A solar wind interval by Solar Orbiter on 2020 June 14. (a) B. (b) ne, SC. (c) PVI values for τ = 1 s (blue), 10 s (red), and 60 s (gold). (d) and (e) J in SRF and field-aligned coordinates, respectively. The blue-shaded regions indicate times when ion-acoustic wave snapshots are observed by TDS.

We find that most of ion-acoustic wave snapshots occur within this region of strong currents. We identify 19 ion-acoustic wave snapshots over the entire interval, with 11 of the snapshots being found in the region of strong currents. The remaining snapshots were observed when J was substantially smaller and spread out over the entire interval. In some cases, these waves are observed around smaller enhancements in J, while at other times ion-acoustic waves were observed when J was negligible.

From Figs. 9 and 10, we see that in some instances, there is a strong correlation of ion-acoustic waves and enhanced currents, which might suggest that large J is crucial to the generation of ion-acoustic waves. At other times we see that the detection of waves occurs in regions of strong solar wind turbulence but the ion-acoustic waves are not strongly correlated with specific current structures. Finally, we sometimes see ion-acoustic waves in quiet regions of the solar wind, which do not appear to be associated with any currents. We now consider a more statistics-based investigation of the relation between ion-acoustic wave observations and solar wind current structures.

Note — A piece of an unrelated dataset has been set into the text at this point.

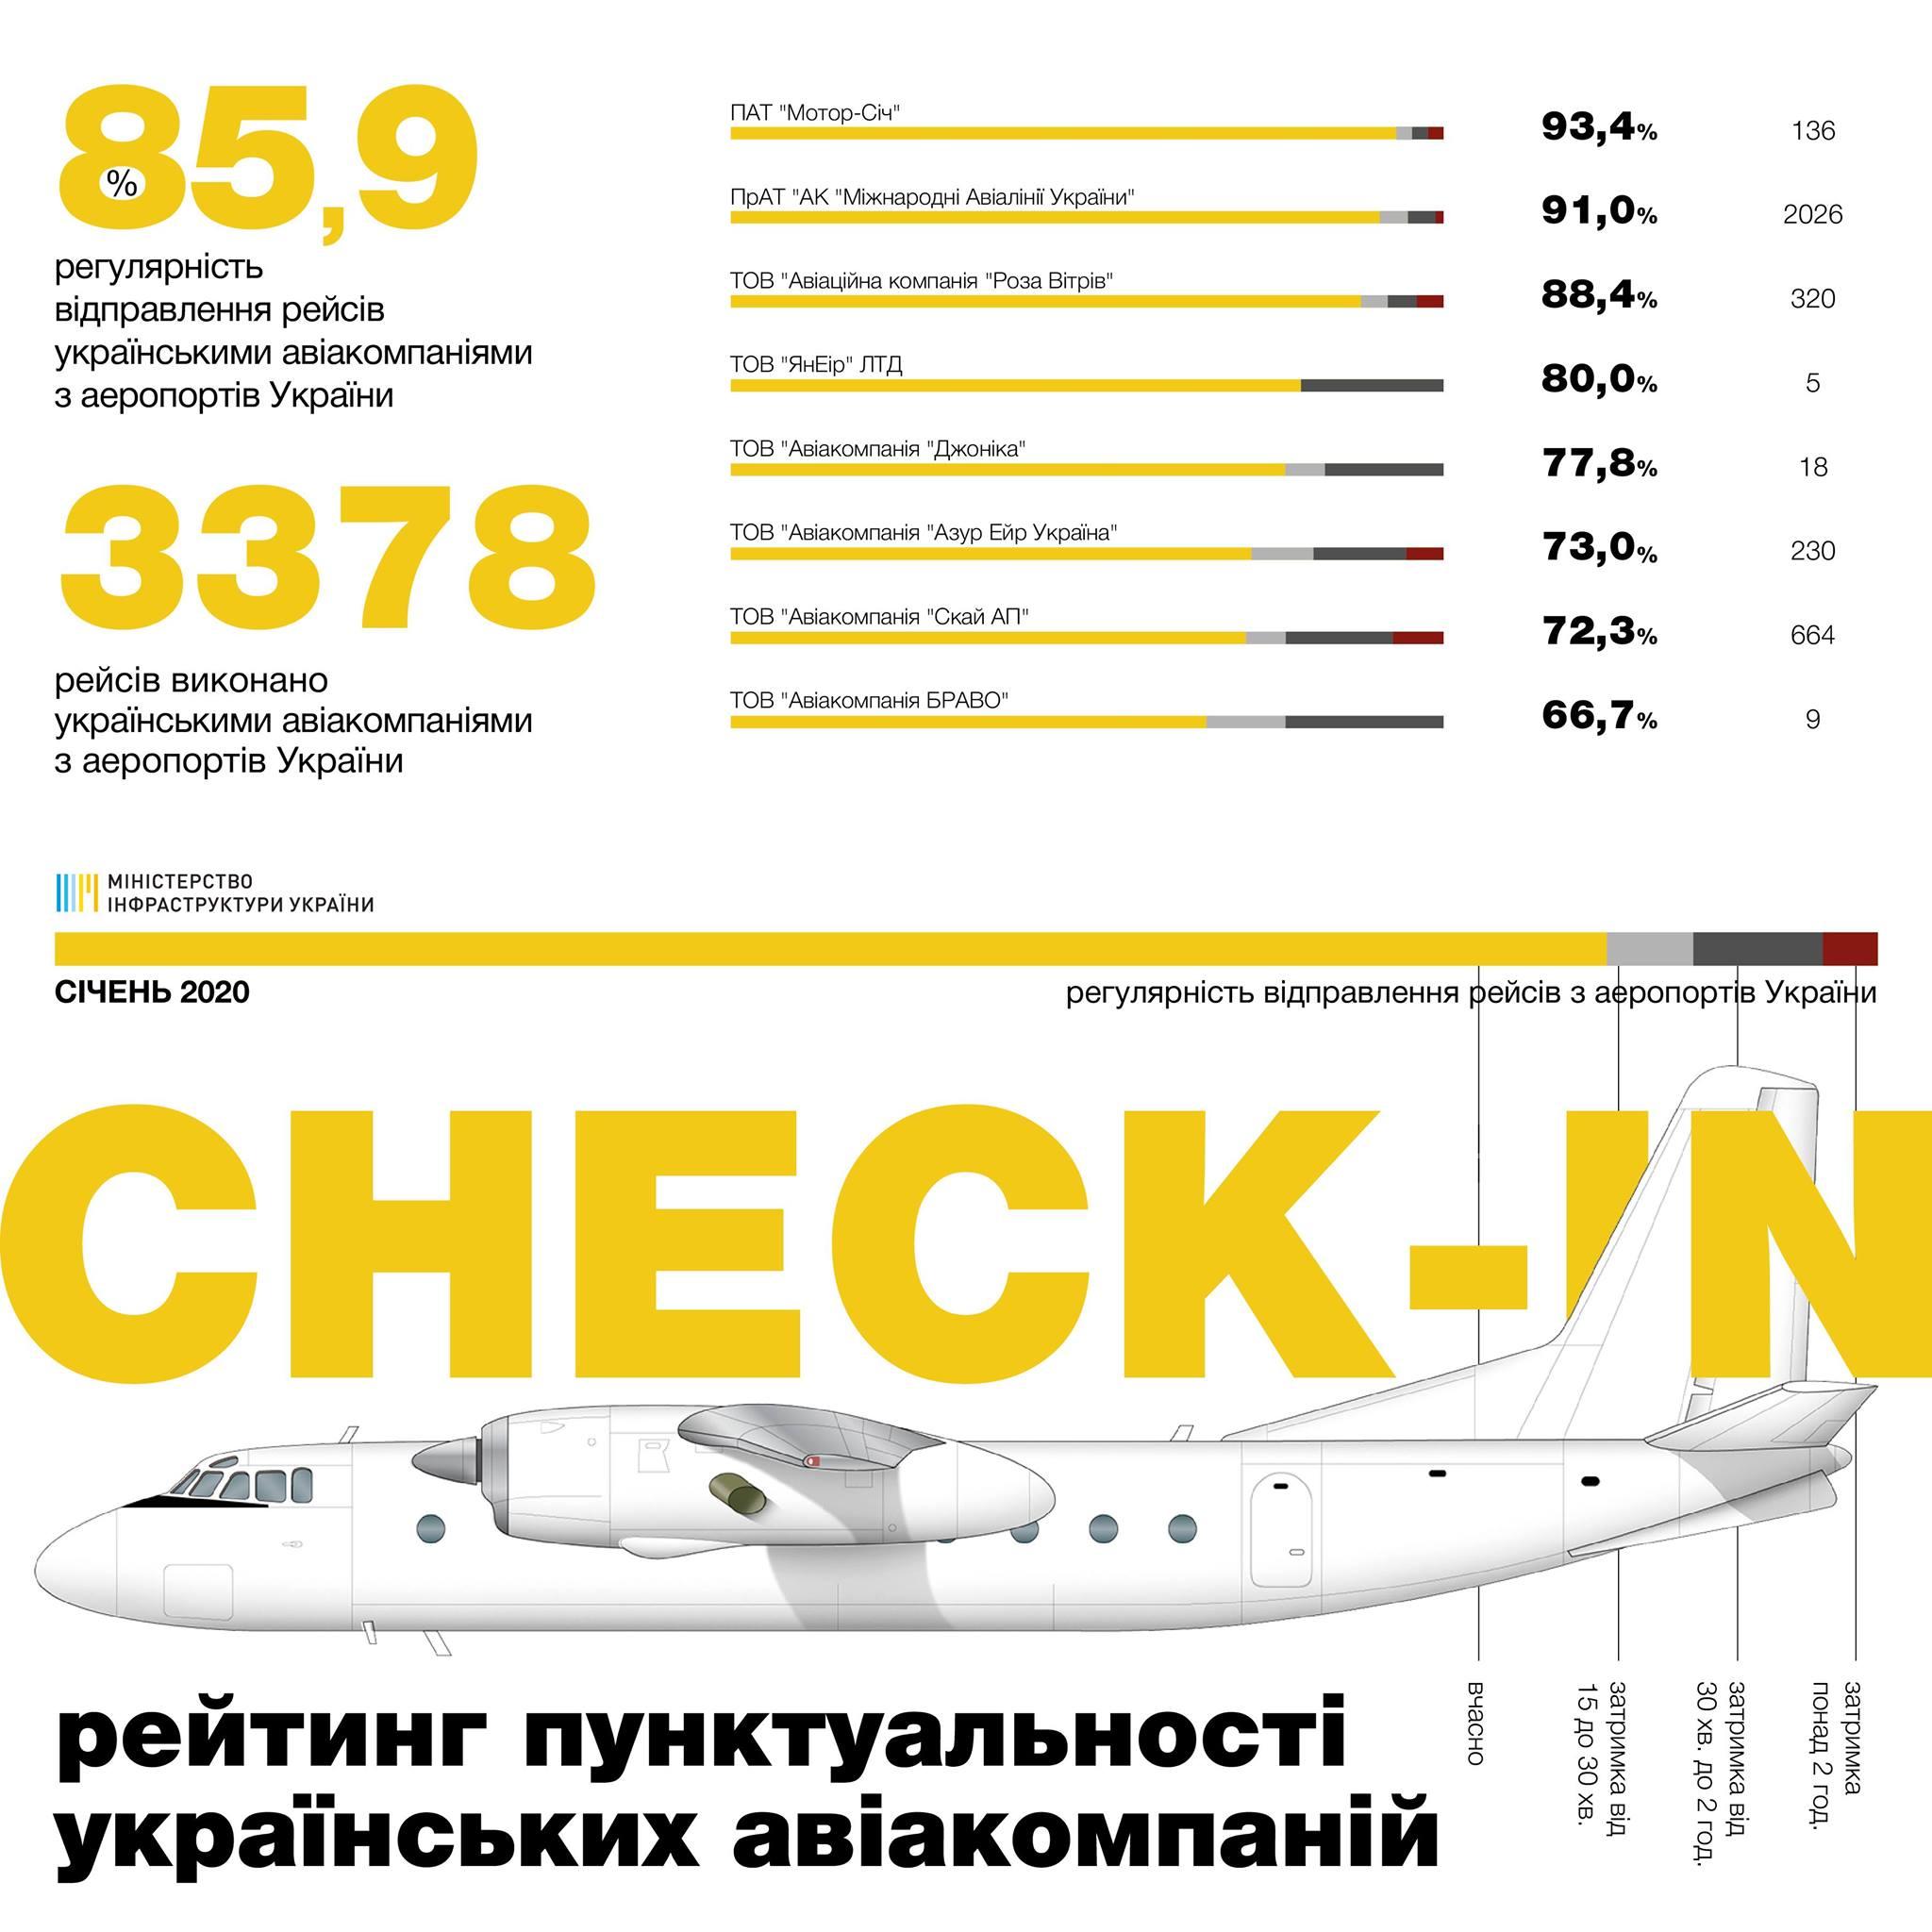 Пунктуальность украинских авиакомпаний в январе 2020 года

We first consider the time between ion-acoustic wave observations and the nearest strong current structure, defined as having a maximum PVI value that exceeds 5. We calculate the time Δt between the snapshot and the nearest strong current structure. We do this for all LFR and TDS snapshots over June 2020, for both snapshots where ion-acoustic waves are observed and snapshots where we did not observe ion-acoustic waves. The results are shown in Fig. 11, where we plot the histograms of Δt for τ = 1 s, 10 s, and 60 s. The counts at the smallest 10−1 s correspond to snapshots observed at or within strong current structures. In Figs. 11a and b, we plot the histograms of Δt for LFR snapshots with ion-acoustic waves and LFR snapshots without ion-acoustic waves, respectively. Since the LFR snapshots are taken at regular times, the histograms in Fig. 11b provide distributions of the probable Δt regardless of whether ion-acoustic waves are observed or not (note that about 1% of all LFR snapshots contained ion-acoustic waves). In both Figs. 11a and b, we see that Δt increases as τ increases. This simply corresponds to smaller-scale current structures occurring more regularly than larger scale structures. This can be seen in Figs. 9 and 10. We find that when ion-acoustic waves are present the distribution of Δt is shifted to smaller values. However, only a small fraction of the ion-acoustic waves are observed at the strong current structures themselves. Most ion-acoustic waves are observed several minutes from the nearest ion-scale current structures (τ = 1 s). For ion-acoustic wave snapshots the median Δt are 3 min, 11 min, and 2 hr for τ = 1 s, 10 s, and 60 s, respectively. At times when no ion-acoustic waves are observed in the LFR snapshots, corresponding to regularly sampled times in the solar wind, the median Δt are 11 min, 40 min, and 6 hr for τ = 1 s, 10 s, and 60 s, respectively. Therefore, Δt are reduced when ion-acoustic waves are present.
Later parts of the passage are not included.